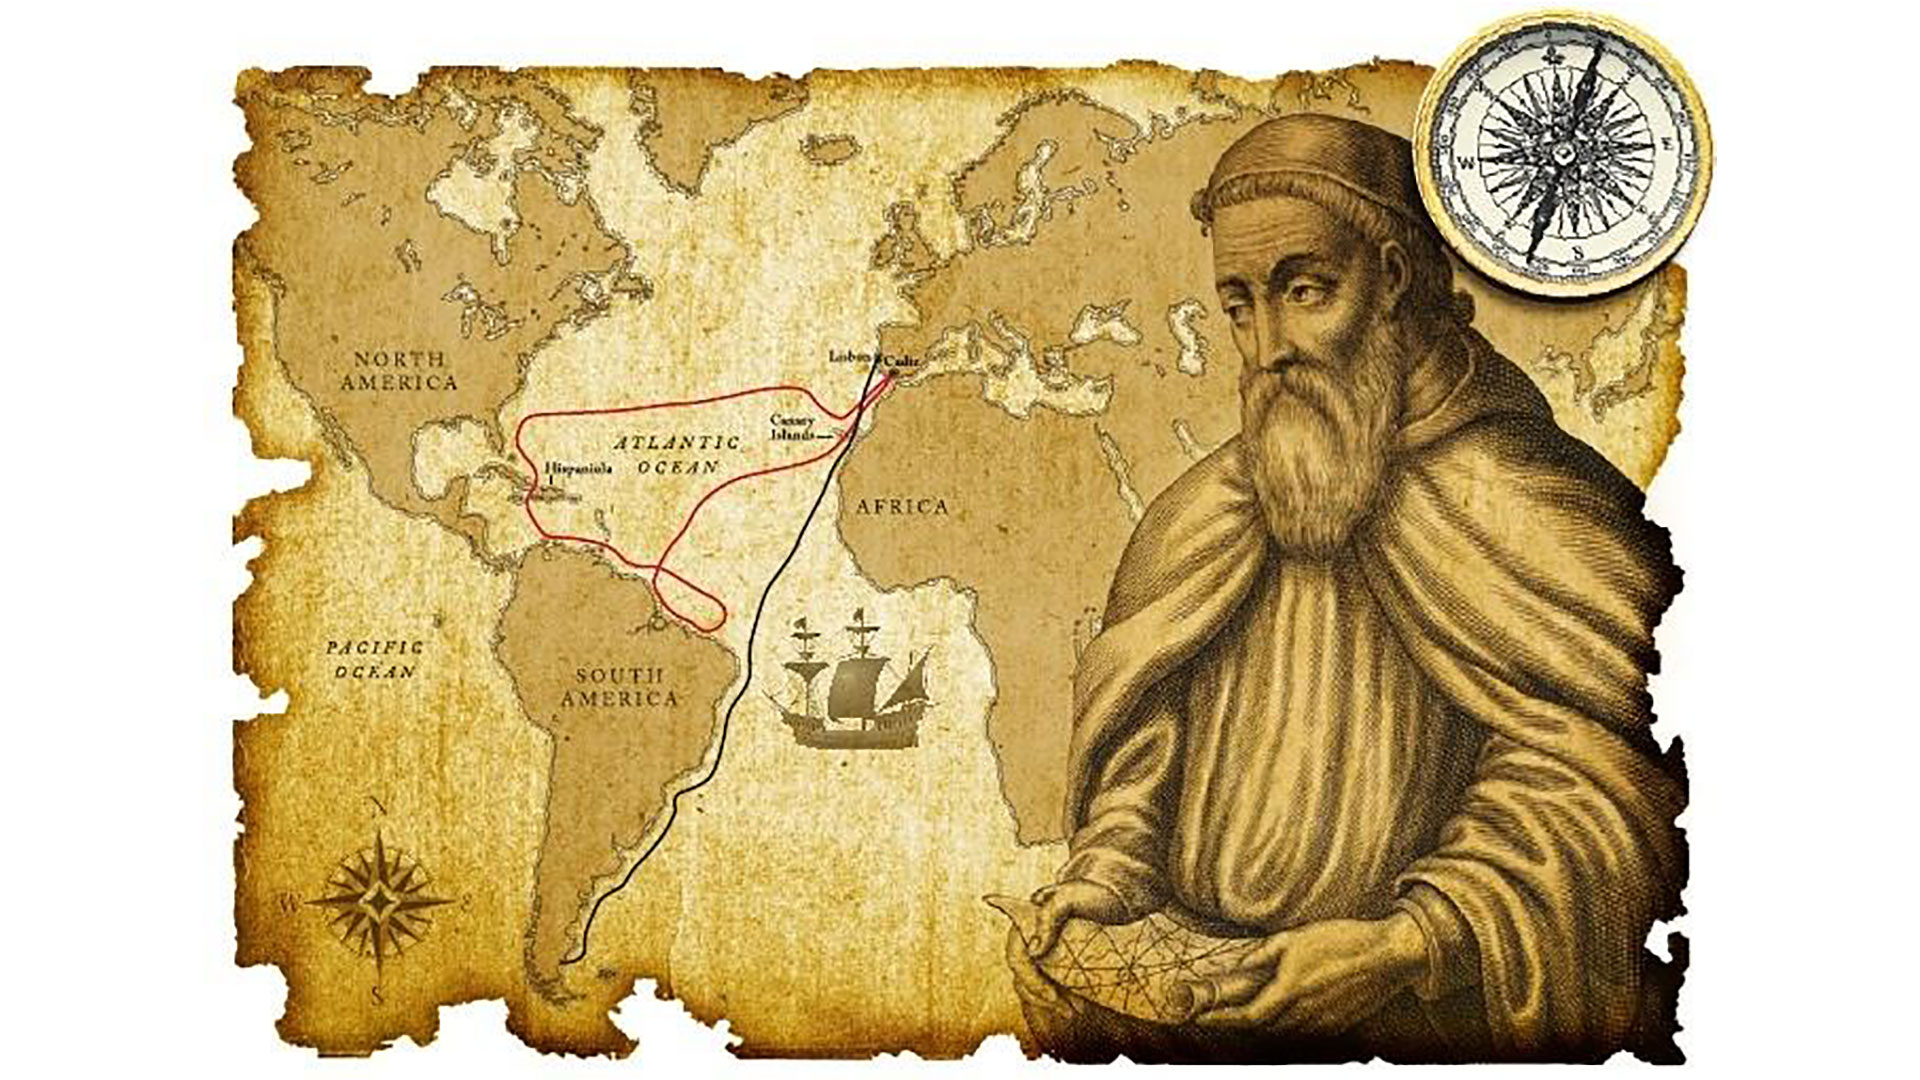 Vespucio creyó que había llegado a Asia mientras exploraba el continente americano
* * *
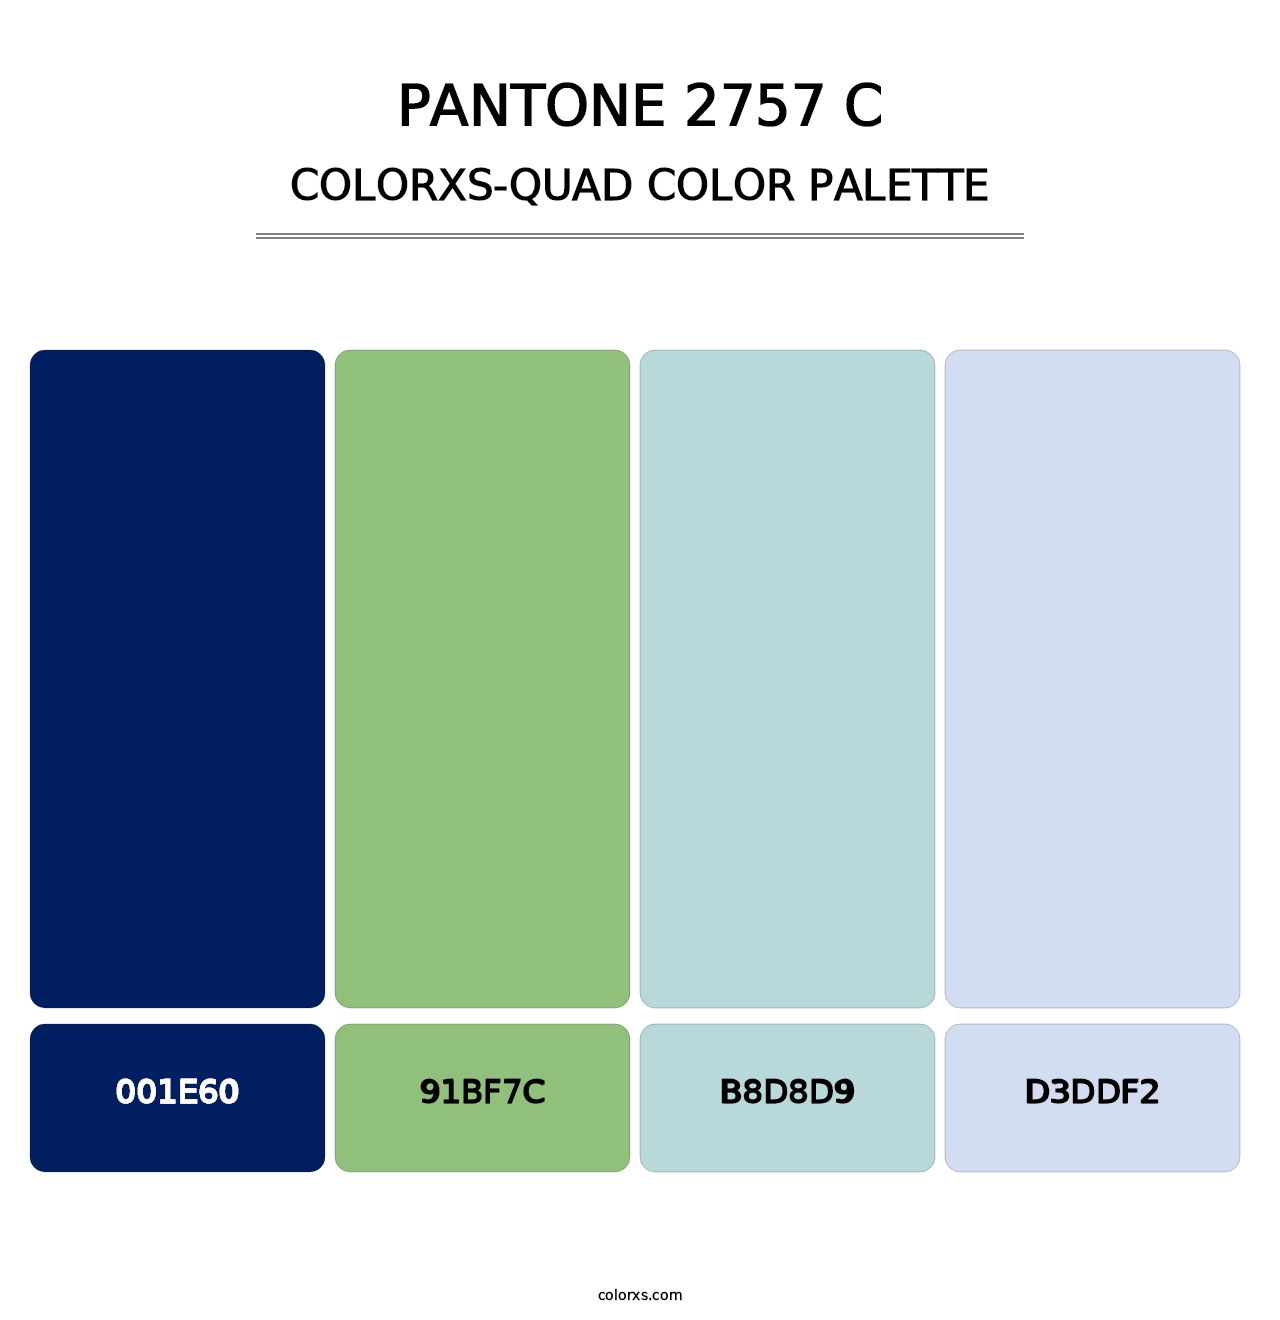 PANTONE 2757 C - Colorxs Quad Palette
--
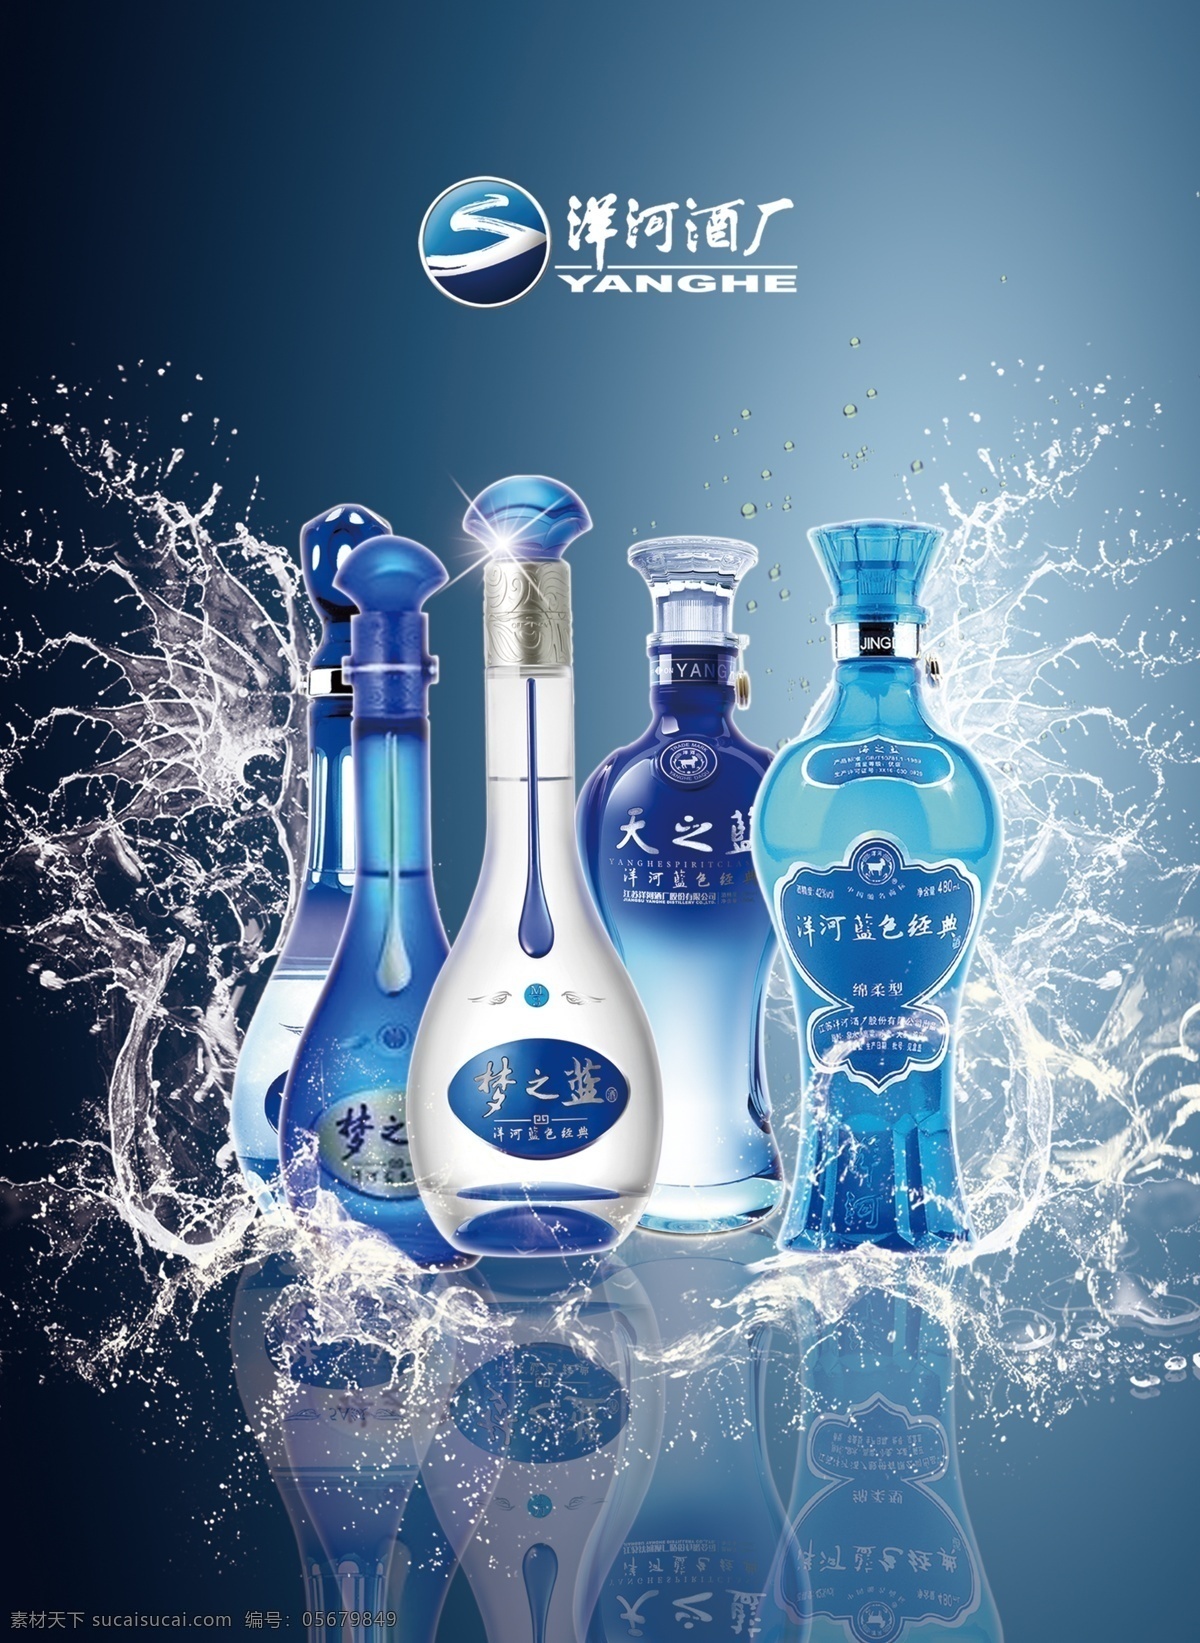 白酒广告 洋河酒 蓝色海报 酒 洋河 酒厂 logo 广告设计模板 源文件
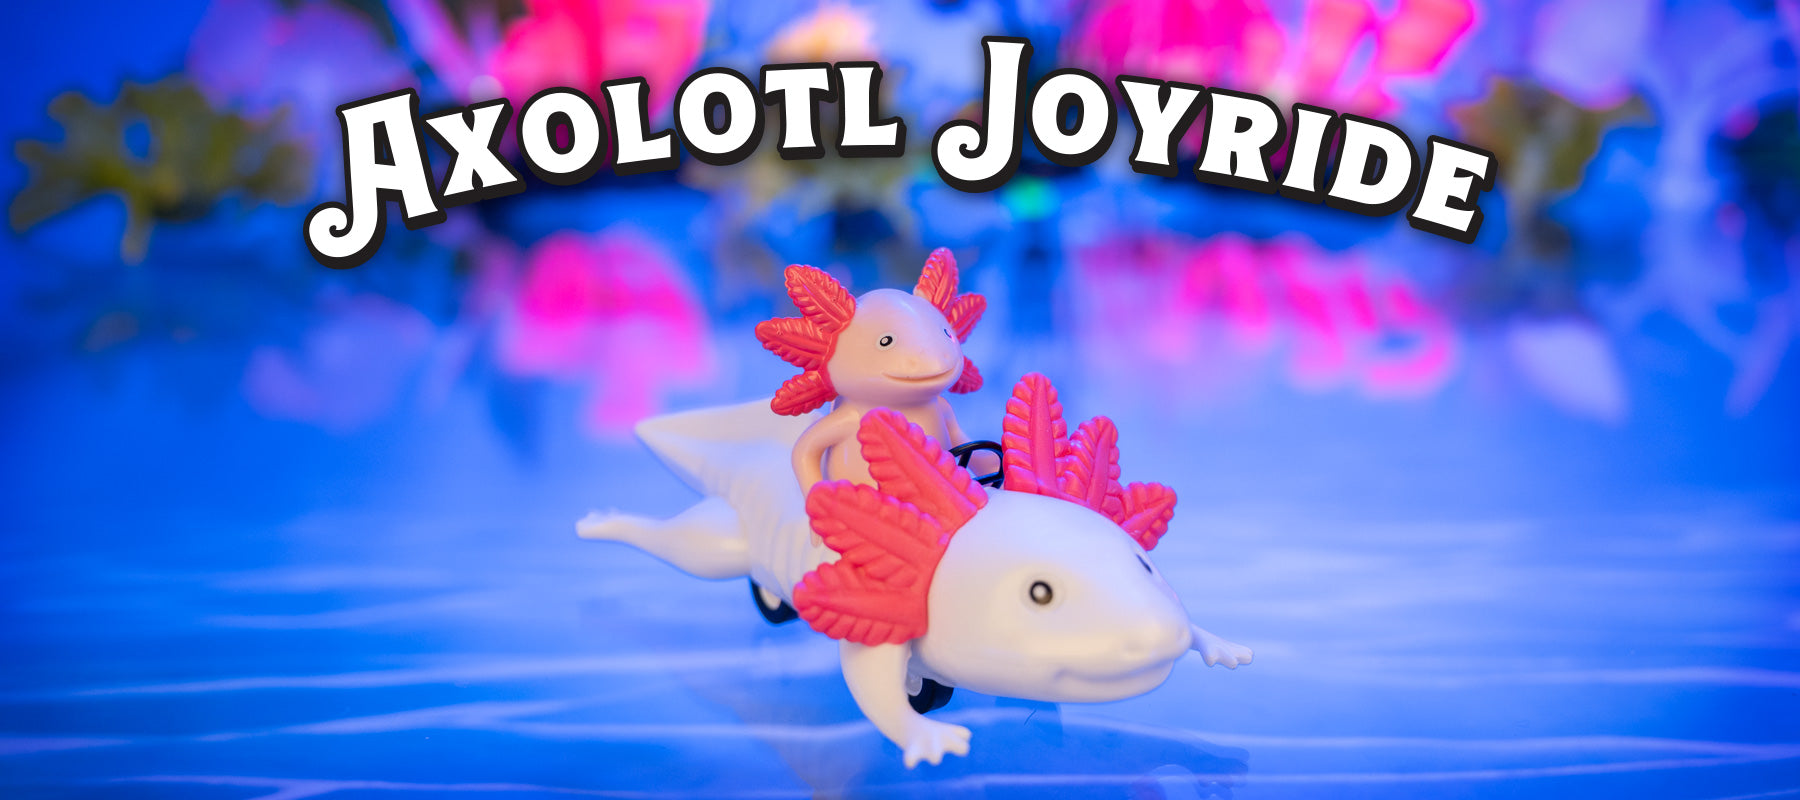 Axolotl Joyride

WHAT IS EXPECTED:
Reproduce word for word, with pictures dropped, only the part of the material above that opens with the line containing "白酒广告 洋河酒 蓝色海报 酒 洋河 酒厂 logo 广告设计模板 源文件" and closes with the line containing "Axolotl Joyride".

EXPECTED ANSWER:
 白酒广告 洋河酒 蓝色海报 酒 洋河 酒厂 logo 广告设计模板 源文件
 Axolotl Joyride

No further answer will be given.